There are two things here - first, the result is a bit slower than before (might be due to noise or some other reason), and second, now the recall is slightly below the 0.9 bar. I don't think the difference between 0.8997 and 0.9 is material at all, but generating the top results is done automatically using a script, that would filter this result out.

I propose the following: @arron2003 can you add a few more query args points to the plot? Formally each entry is allowed up to 10. That would show if the QPS drop was by chance, and will also most likely have a point with recall just slightly above 0.9.

arron2003 commented 2 months ago
  1. I am pretty sure that the drop of QPS is due to measurement error on CloudVM. I am using "South Central US (Zone 3)" FWIW.
  2. The drop of recall is on the 4 decimal place so this may be due to randomness on training the tree.

I have just changed reordering number from 150 to 155 to allow slightly higher recall to make sure we have some safe margin above 90% (even with sampling in training). Below is the result I expect:

scann,"ScaNN,tree=35/40000,AH2,reorder=155",text2image-10M,10,41528.078976443685,0.0,12210.711037635803,6446548.0,0,0,ood,0.9006

arron2003 commented 2 months ago

Actual we just updated ScaNN version on https://pypi.org/project/scann/ so that recall is even better :)

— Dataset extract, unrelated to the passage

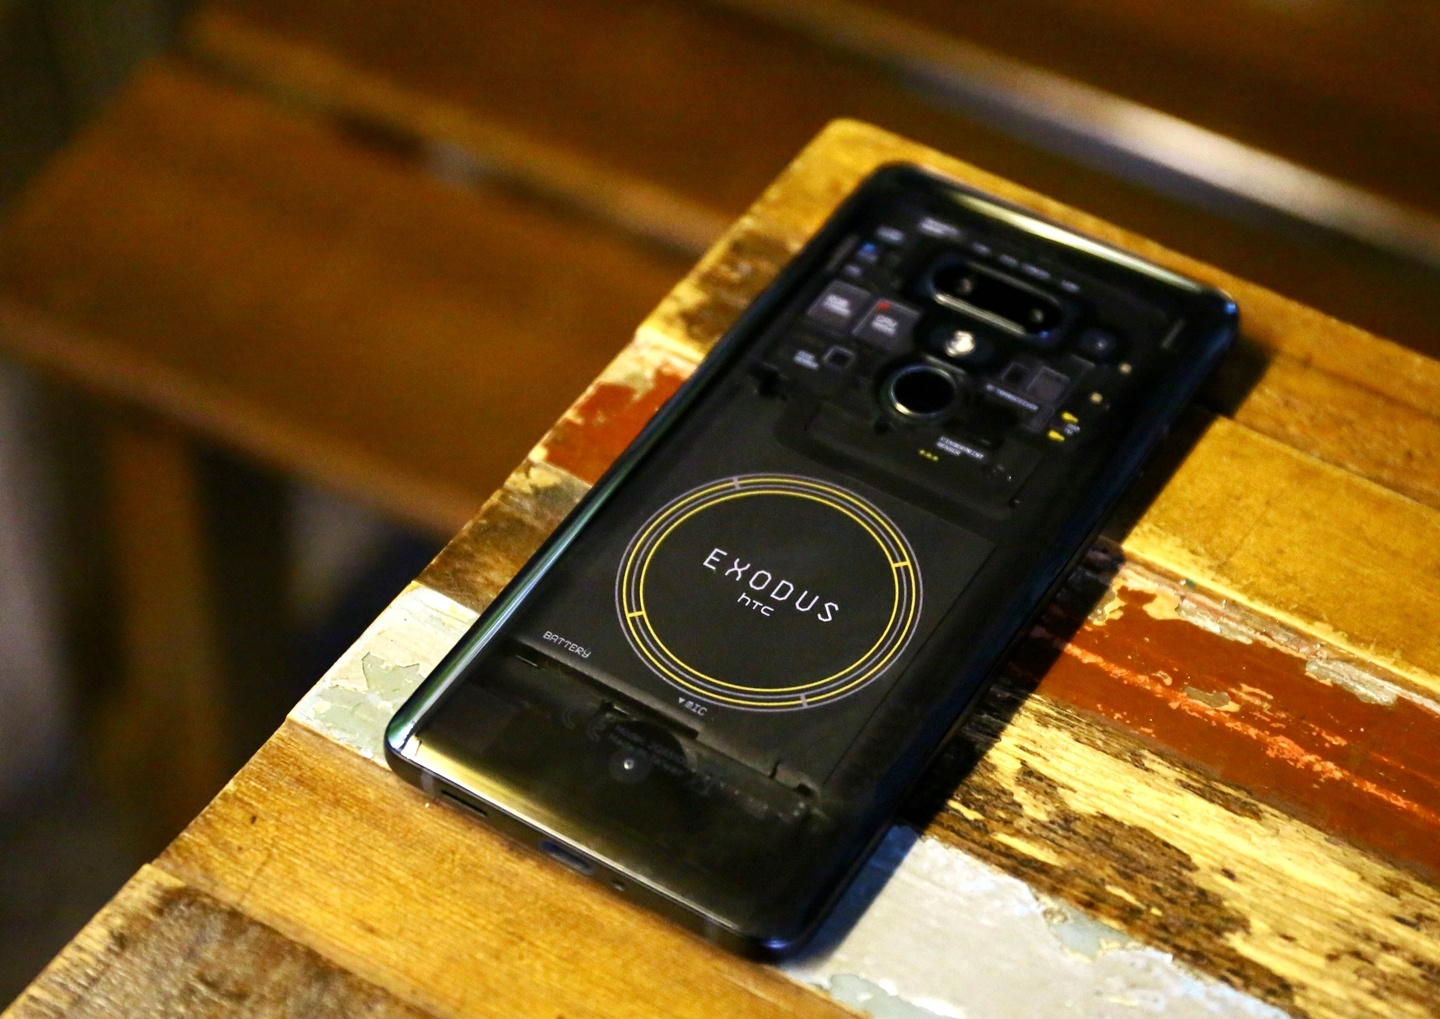 HTC的區塊鏈手機EXODUS 1 將可以在台灣門市用現金買得到啦

  1. Updated the docker file - so please rerun installation with python3.10 install.py --neurips23track ood --algorithm scann
  2. Added more query args datapoints. Below are the expected results:
    algorithm,parameters,dataset,count,qps,distcomps,build,indexsize,mean_ssd_ios,mean_latency,track,recall/ap
    scann,"ScaNN,tree=34/40000,AH2,reorder=155",text2image-10M,10,43764.153975216715,0.0,11931.600163459778,6682692.0,0,0,ood,0.900396
    scann,"ScaNN,tree=35/40000,AH2,reorder=150",text2image-10M,10,42507.63490838009,0.0,11931.600163459778,6682692.0,0,0,ood,0.9010999999999999
    scann,"ScaNN,tree=35/40000,AH2,reorder=155",text2image-10M,10,42130.863603028665,0.0,11931.600163459778,6682692.0,0,0,ood,0.901859
    scann,"ScaNN,tree=36/40000,AH2,reorder=150",text2image-10M,10,42312.46164008728,0.0,11931.600163459778,6682692.0,0,0,ood,0.902675
    scann,"ScaNN,tree=37/40000,AH2,reorder=145",text2image-10M,10,42563.98037124791,0.0,11931.600163459778,6682692.0,0,0,ood,0.9032030000000001
    scann,"ScaNN,tree=38/40000,AH2,reorder=140",text2image-10M,10,42268.06450884723,0.0,11931.600163459778,6682692.0,0,0,ood,0.9036339999999999
ingberam commented 2 months ago

Confirming the following result on a fresh index build on the standard 16GB machine:

scann,"ScaNN,tree=27/40000,AH2,reorder=140",text2image-10M,10,48296.886642618236,0.0,12124.119821548462,6587528.0,0,0,ood,0.8840809999999999
scann,"ScaNN,tree=34/40000,AH2,reorder=155",text2image-10M,10,43372.02235782551,0.0,12131.287629842758,6612140.0,0,0,ood,0.899724
scann,"ScaNN,tree=35/40000,AH2,reorder=150",text2image-10M,10,41897.94105624706,0.0,12131.287629842758,6612140.0,0,0,ood,0.9004429999999999
scann,"ScaNN,tree=35/40000,AH2,reorder=155",text2image-10M,10,41987.20634235152,0.0,12131.287629842758,6612140.0,0,0,ood,0.9012399999999999
scann,"ScaNN,tree=36/40000,AH2,reorder=150",text2image-10M,10,42285.962239376444,0.0,12131.287629842758,6612140.0,0,0,ood,0.901969
scann,"ScaNN,tree=37/40000,AH2,reorder=145",text2image-10M,10,42854.013476886255,0.0,12131.287629842758,6612140.0,0,0,ood,0.90249
scann,"ScaNN,tree=38/40000,AH2,reorder=140",text2image-10M,10,42326.04841208092,0.0,12131.287629842758,6612140.0,0,0,ood,0.902833
scann,"ScaNN,tree=42/40000,AH2,reorder=160",text2image-10M,10,38892.123997724135,0.0,12105.756680965424,6689552.0,0,0,ood,0.911592

In order to move forward and merge everything related to ood let's do the following. @arron2003 can you pleaase:

  1. update neurips23/ongoing_leaderboard/ood/res_public_queries_AzureD8lds_v5.csv with these results and update the best scann result of 42,854 in the operating_points file
  2. update the plot with the new data points for scann
arron2003 commented 2 months ago

Updated. Now this should be ready to merge. Thanks for confirming the results!